Okay, but how to create a sitemap? Most of the Content Management Systems come with an inbuilt sitemap generator that links your pages, so in those cases, you do not have to. You could create sitemaps yourself, but there are more efficient ways to get that done with almost no efforts, and time!
You could use plugins like Yoast SEO, RankMath, Google XML Sitemaps, Jetpack, etc. This process will involve running a code on your server, so you might need a developer’s help in case you do not have a tech background.
If your bespoke site was created from scratch, you can check out online tools like XML-sitemaps.com, which crawls your website (free up to 500 pages), and builds you an XML sitemap. You can find many such tools online, and they are really easy to use.
For using most of these online tools, all you will have to do is enter your website URL in the area provided, and all the links will be listed. You may remove the links as per your choice, and then go on to generate a sitemap. Sitemaps may have additional tags that could be beneficial for serving your specific purpose.
For example, Frequency Tags show how frequently the page will be changed for the bots to know when (and what section) to re-crawl. This is especially useful for dynamic sites that have regular updates.
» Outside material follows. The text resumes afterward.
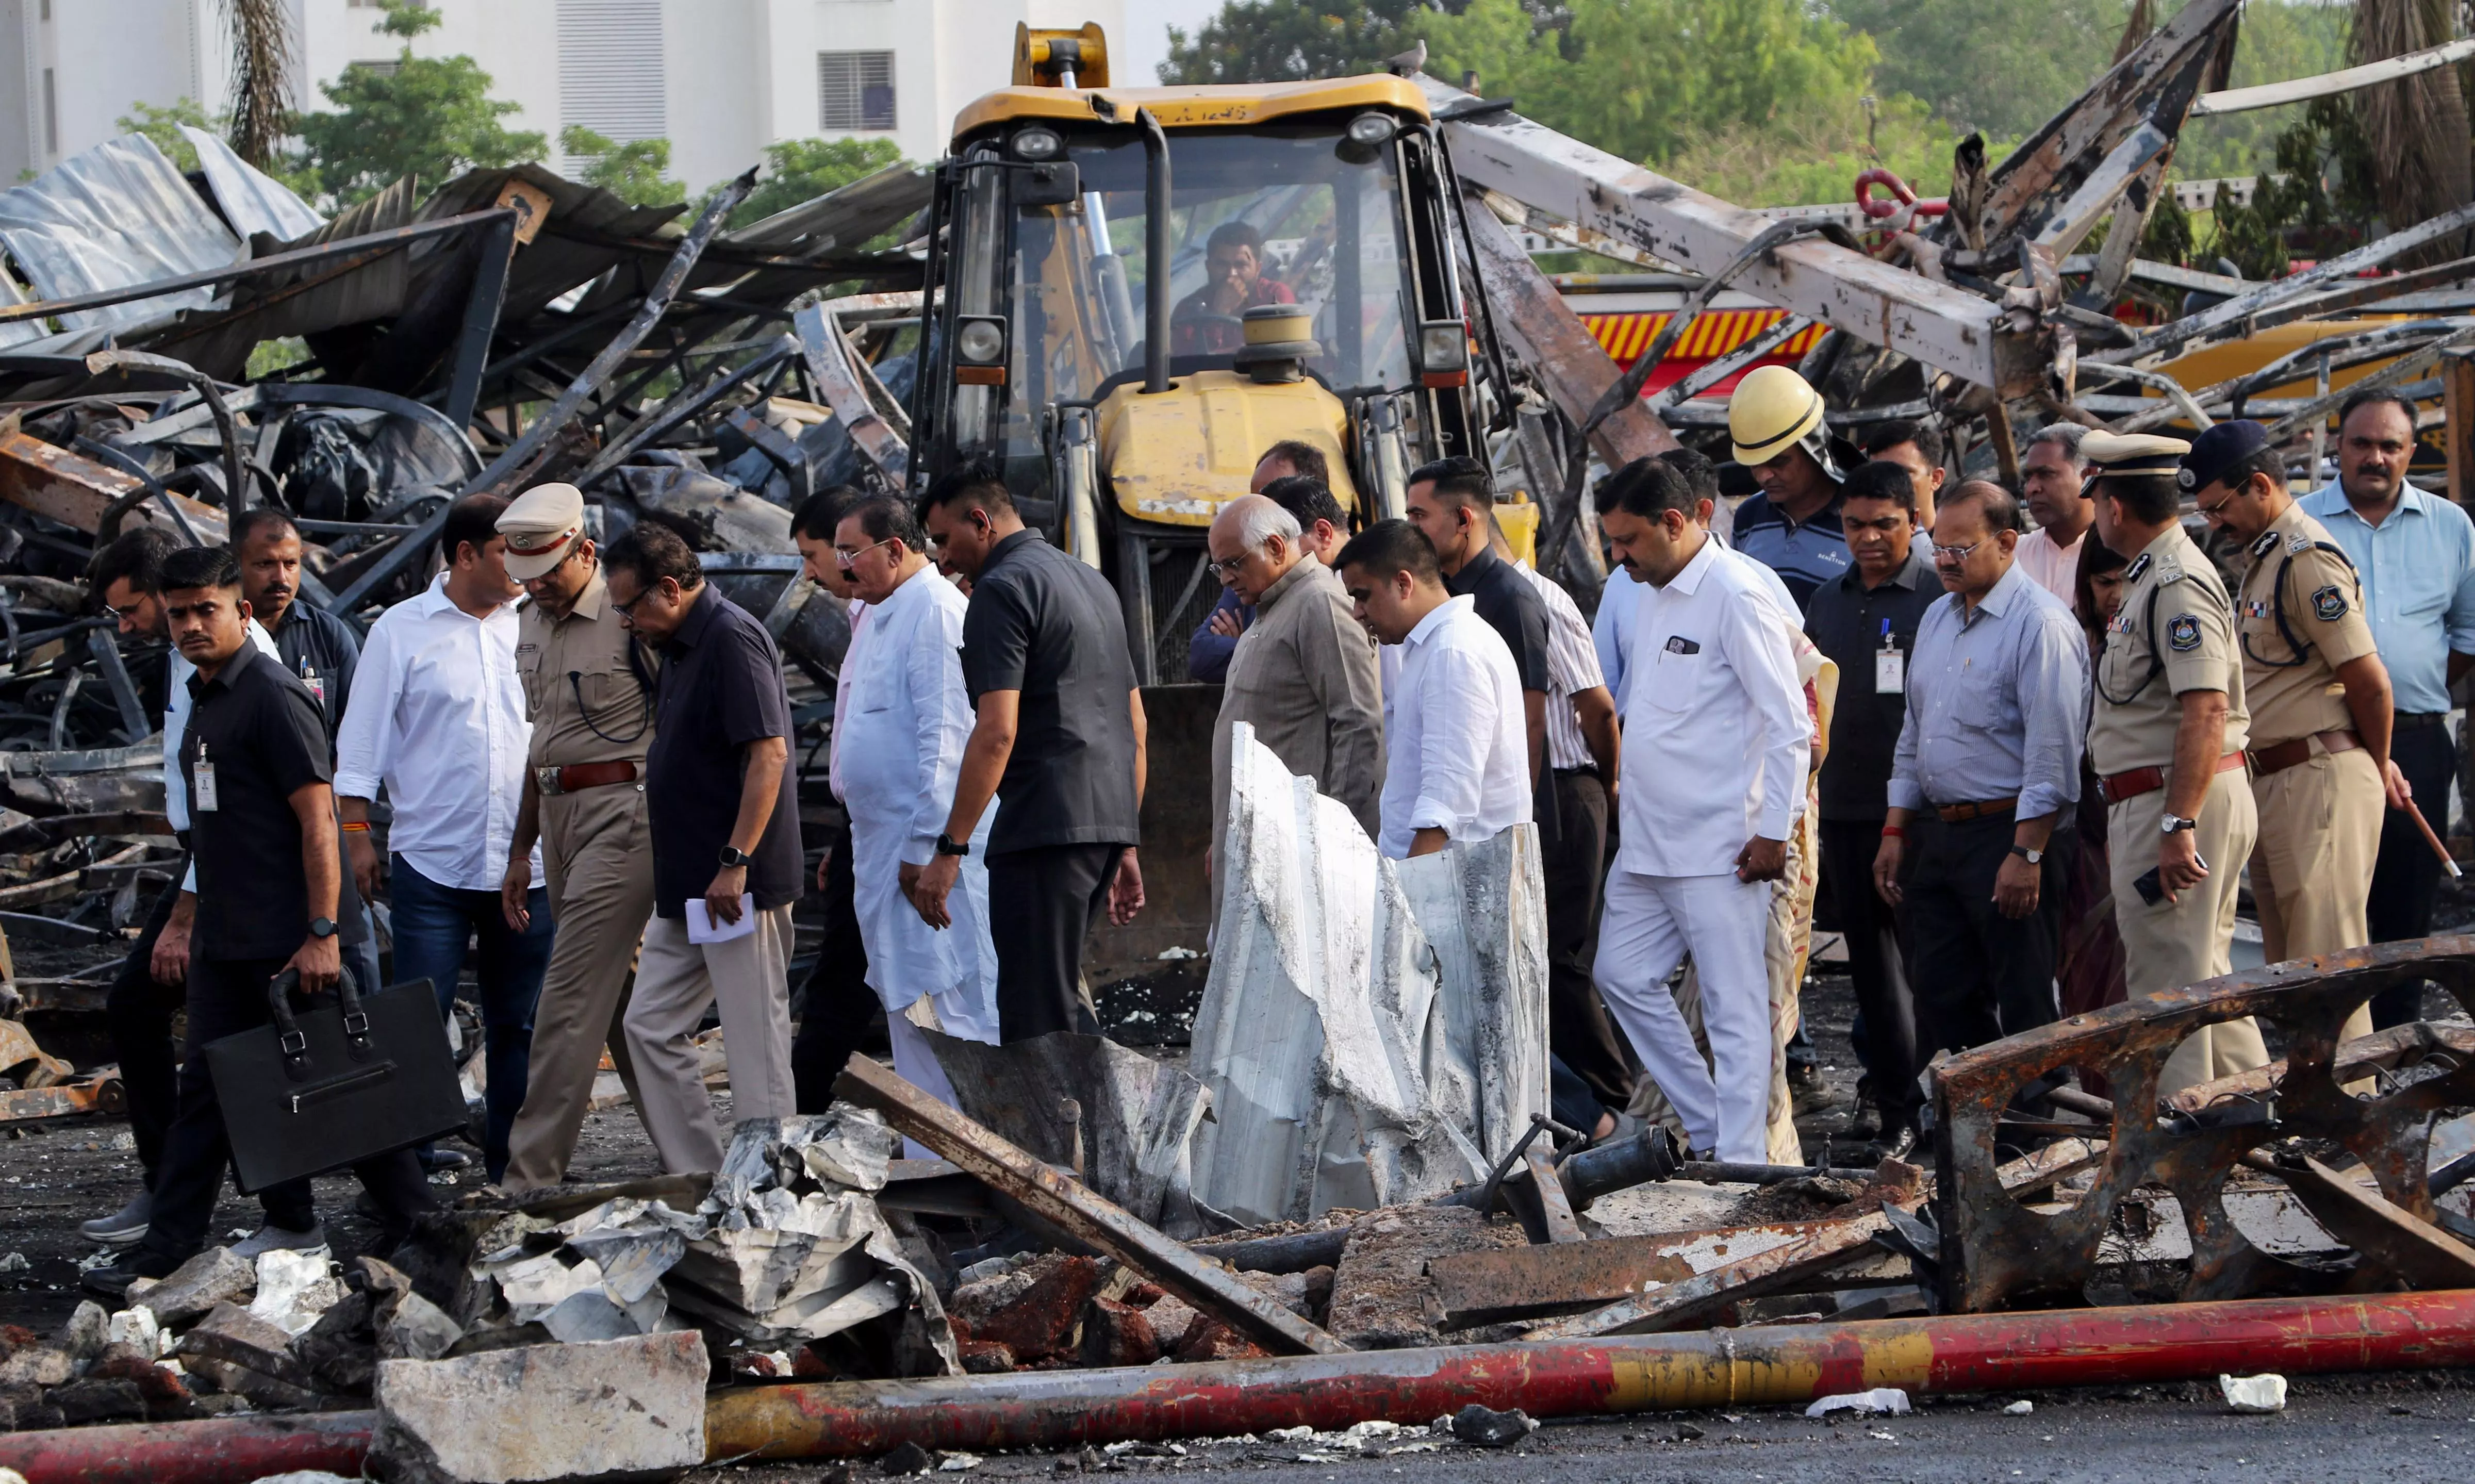 Gujarat game zone fire: Family loses five members; newlyweds among victims

Priority Tags rate/rank pages on the basis of the relative urgency/importance of that page for crawling, and indexing.
Now, let us see how you can submit your sitemap on the Google Search Console… Open the Console, and on Navigation Window, on the left side of the page, find the Sitemaps report. You will find it in the Index section, below Index Coverage.
Click on “Sitemaps”, and you will be led to the Sitemaps Report Page. You will see the Space for entering your sitemap’s URL for Google to access it. Under “Add a new sitemap”, enter your complete URL to your sitemap, and click on “SUBMIT” to submit a sitemap to Google.
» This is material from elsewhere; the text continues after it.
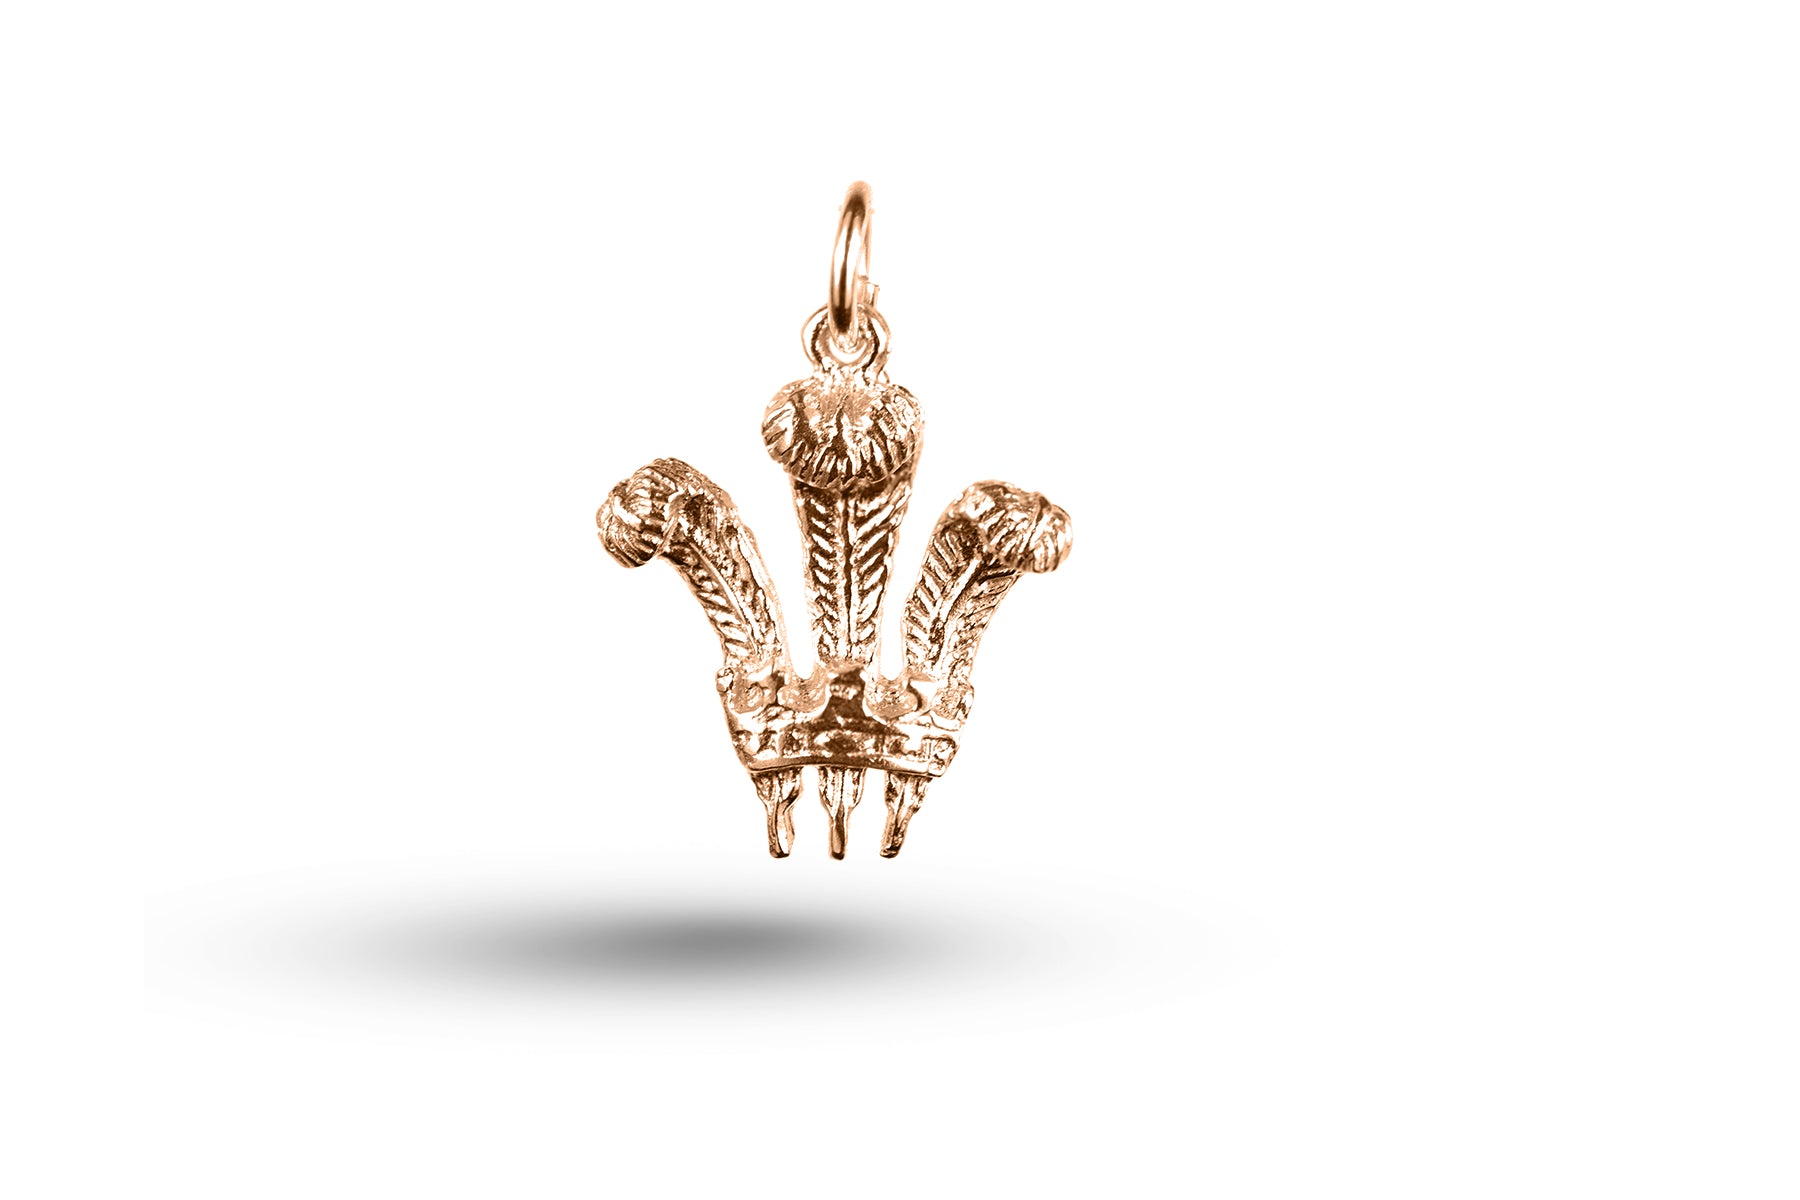 Rose gold Prince of Wales Feathers charm.

Note that Owner permission for the property will be required to submit a sitemap. All the sitemaps that you have submitted will also be found in this report.
The list of sitemaps also contains further information under-
- URL: The URL of the sitemap will be given.
- Type: This will show whether the sitemap is in TXT, RSS, Atom, HTML, or XML format.
- Submitted: The date on which each sitemap was submitted to Google through the “Add a new sitemap” space above the list.
- Last Read: The date it was last read by the Google bots.
- Status: This will show whether the crawl was successful or if the bots couldn’t fetch the sitemap, or if the sitemap has errors.
- Discovered URLs: The number of URLs that the sitemaps contain that the bots have been able to discover.
If the Crawl Status is given as “Couldn’t fetch” or “Has errors”, click on the row to see all the possible problems, and errors.
Clicking on the graph icon on the right side of every listed sitemap will lead to the Index Coverage Report for that sitemap.
Check out the errors in the report, and get them solved. Visit Search Console Help for information on types of errors, and how to solve them. You do not need to resubmit the sitemap every time you solve issues or make changes. Once Google records your sitemap, it will regularly keep updating its index.
In conclusion, are Sitemaps necessary for your webpages to be crawled by Google? Nah. Do sitemaps ensure that all your pages will be crawled? Nope. Do you need them? Maybe not. But your site is likely going to benefit from one, and they do not cost you much effort or any money… So why not have one, or even more?